In July, two council members said their sources told them federal agents had tailed Sweeney. The Partnership board forced her out following Post-Dispatch investigations into low staff morale and high turnover at the Partnership, the agency's procurement practices and the awarding of contracts to Stenger's campaign donors. Several former employees told the Post-Dispatch that Stenger essentially ran the office through Sweeney.
A federal subpoena issued to St. Louis County on March 21 sought records of every contract and grant issued by the county since Stenger took office on Jan. 1, 2015. It also sought personnel files for five people he hired as well as records of all his communications.
St. Louis County Council Chairman Sam Page revealed the subpoena's existence to a Post-Dispatch reporter in an interview on March 24, a Sunday morning. That same day, Better Together executive director Nancy Rice told Post-Dispatch metro columnist Tony Messenger that the statewide ballot initiative was being redrawn to remove Stenger as the metro mayor.
The Partnership confirmed later that week that it was cooperating with three federal subpoenas served to itself and two county agencies it staffs -- the St. Louis County Port Authority and the St. Louis County Land Clearance for Redevelopment Agency.
Stenger attempted to spin the bombshell as a routine event in the course of an executive's political career, noting that the U.S. government had previously commanded St. Louis Mayor Francis Slay and former St. Louis County Executive Charlie Dooley's administrations to turn over records, and that he wasn't the target of the subpoena. But Slay and Dooley immediately rebutted his comments, saying the government had never subpoenaed records of their communications.
Days later, assistant U.S. attorney leading the investigation, Hal Goldsmith, clarified in a letter that the county should start by turning over records from a list of grants and contracts -- most of them involving Stenger's campaign donors.

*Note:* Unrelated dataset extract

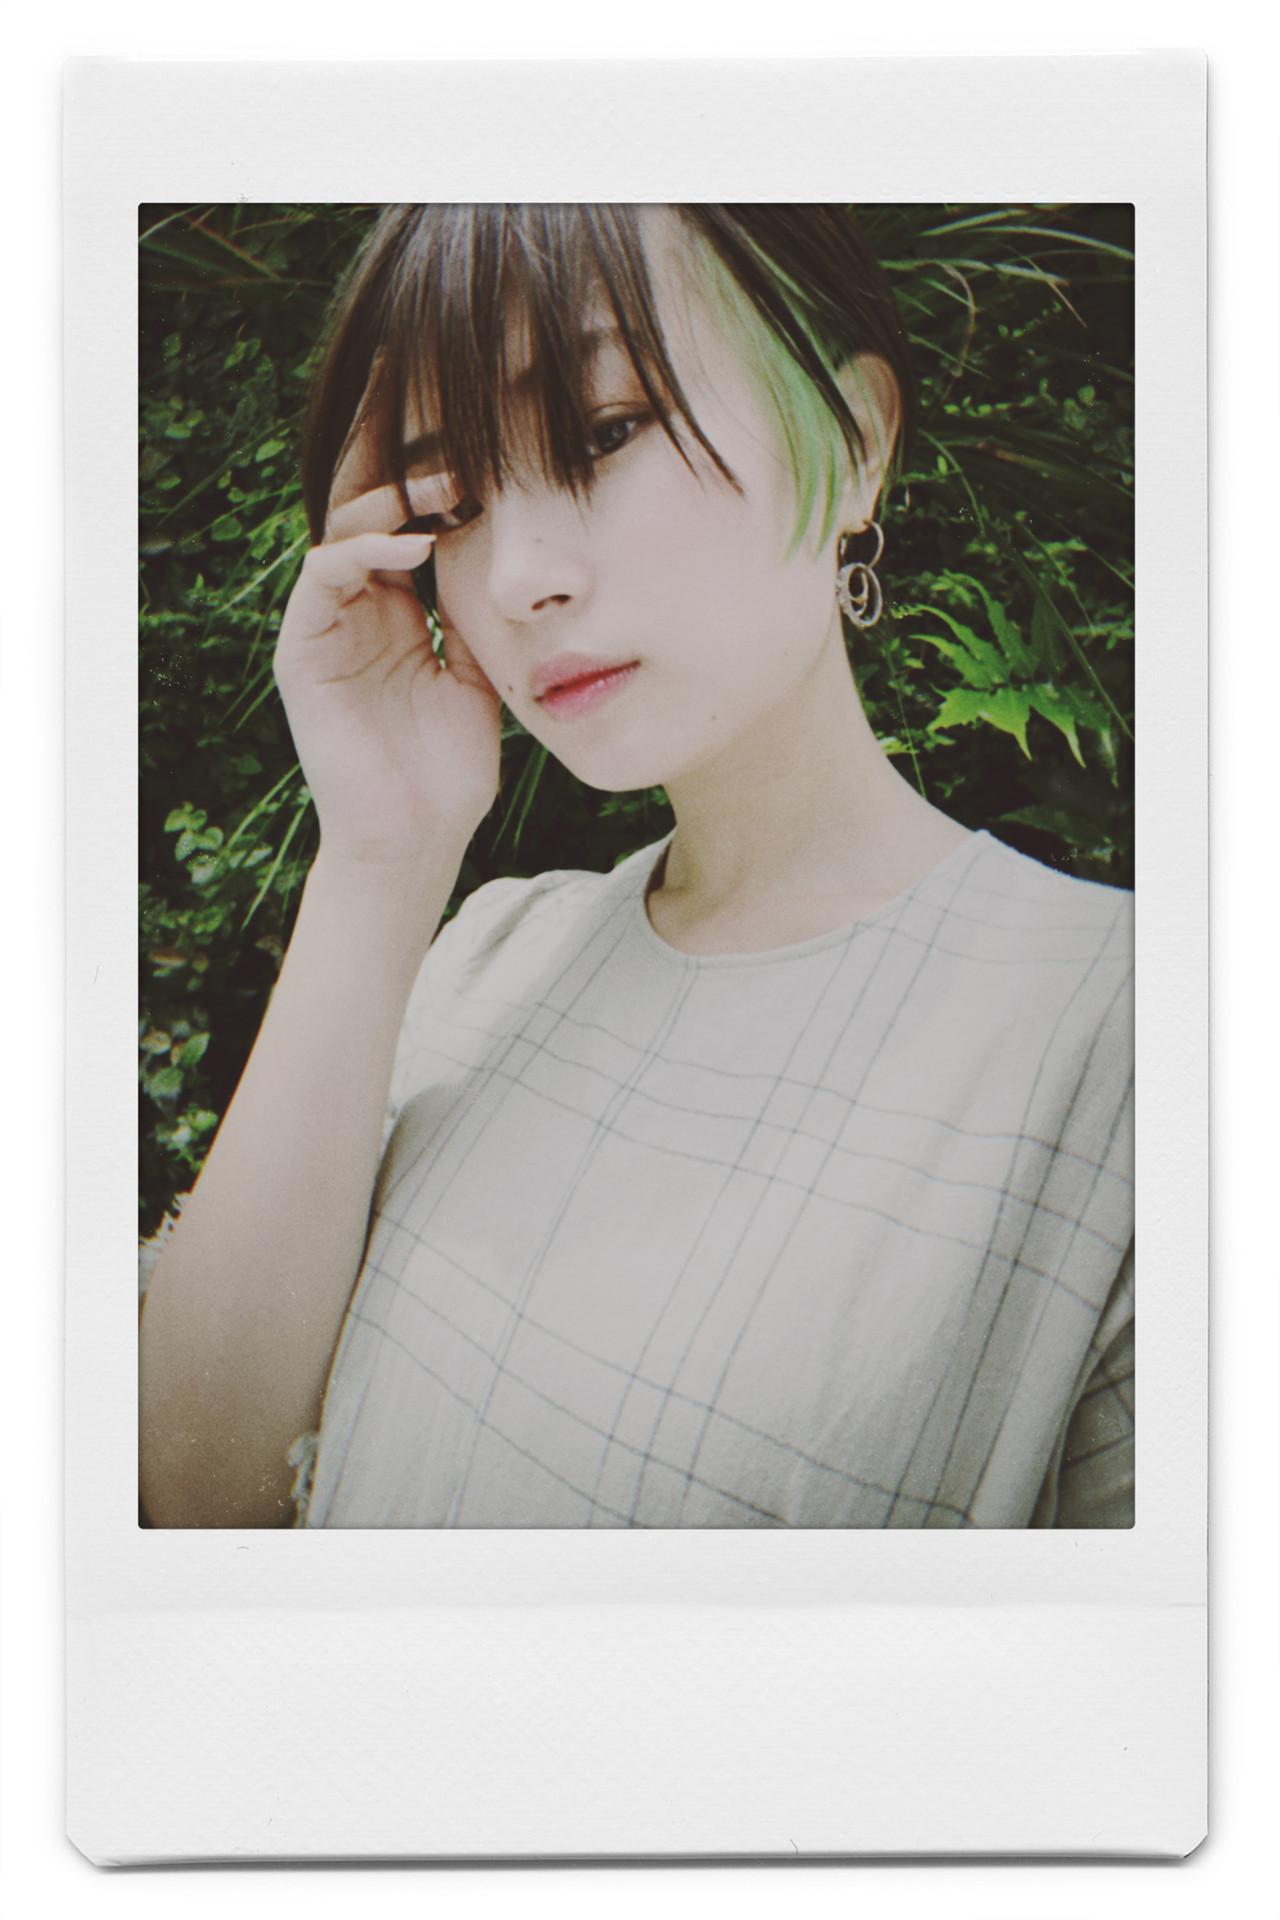 ナチュラル 阿藤俊也 PEEK-A-BOO ハンサムショート ヘアスタイルや髪型の写真・画像

As the county began producing records to comply with the subpoena, the ranks within Stenger's inner circle began to thin. Chief of staff Bill Miller quit on April 12, followed by senior policy advisor Lance LeComb on April 16. Other senior staff members in his office, Tom Curran and Linda Henry, also decided to retire.

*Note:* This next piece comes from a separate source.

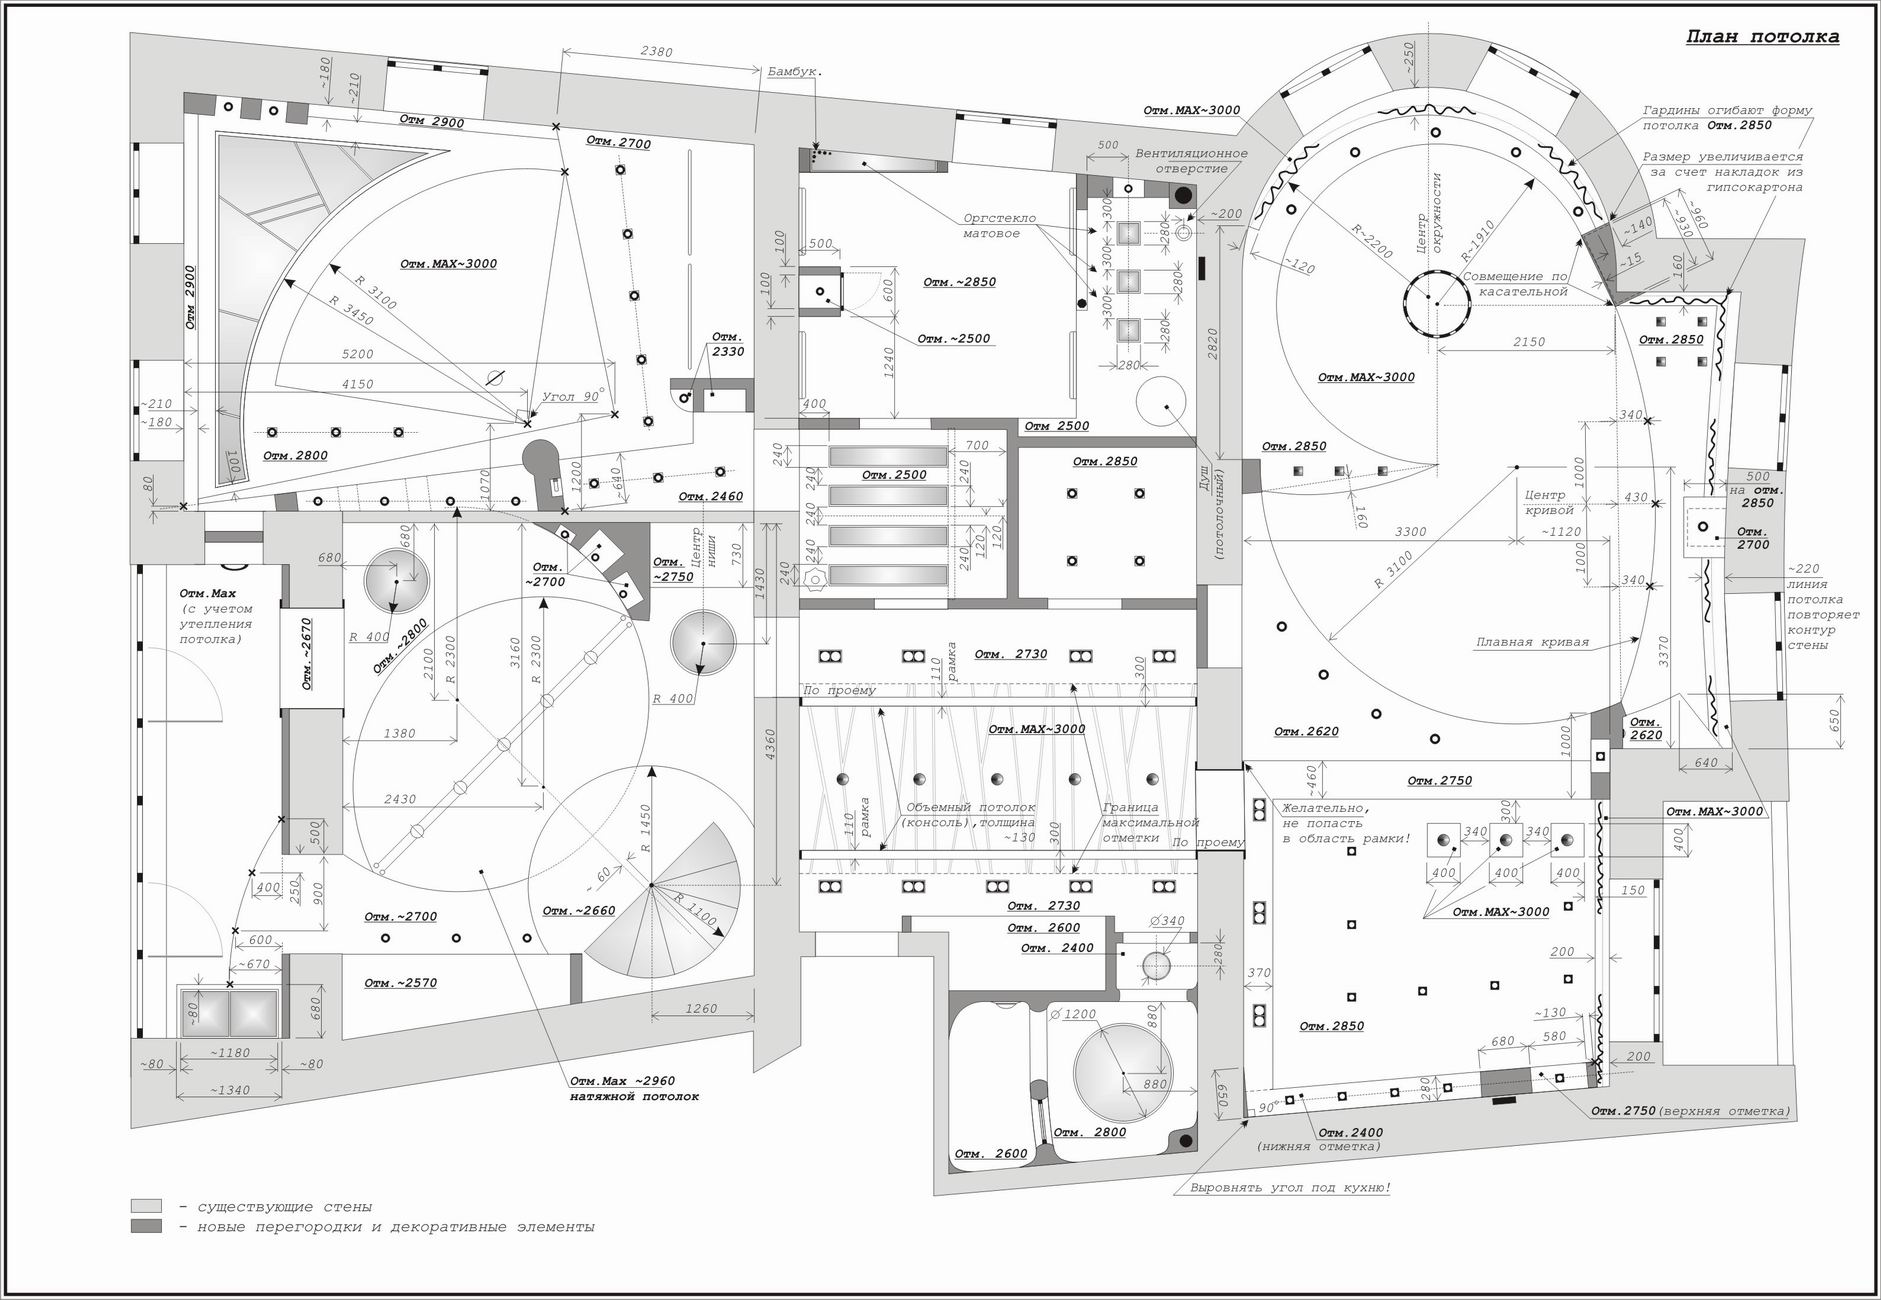 Как сделать чертеж квартиры

University of Missouri-St. Louis political scientist Dave Robertson said some politicians feel bullet proof after getting into office.
"It's easy for people who have their validation from voters to feel that they are entitled to use a lot of power and some of those individuals use that power for things that are illegal -- that's what's at stake here," he said. "Ask a few former Illinois governors about that."
He said the Stenger case forms at a time time in politics when candidates want "massive election war chests."
"Hubris," he added, "makes you dumb."
Ed Rhode, a spokesman for the merger campaign Unite STL, said Monday in a statement: "While the reunification effort is unaffected by today's development, we do believe that it underscores the need for change and the potential benefit of reforming and streamlining St. Louis Government."
It was a stunning end to a political career that saw Stenger rise from two terms on the council to oust a seemingly entrenched county executive Charlie Dooley in the Democratic primary in 2014, then narrowly defeat Republican Rick Stream in the general election.
The day of Stenger's announcement that he intended to challenge Dooley, he told a reporter in an interview that his top priority was "restoring integrity to St. Louis County government."
David Hunn and Jesse Bogan of the Post-Dispatch contributed to this report.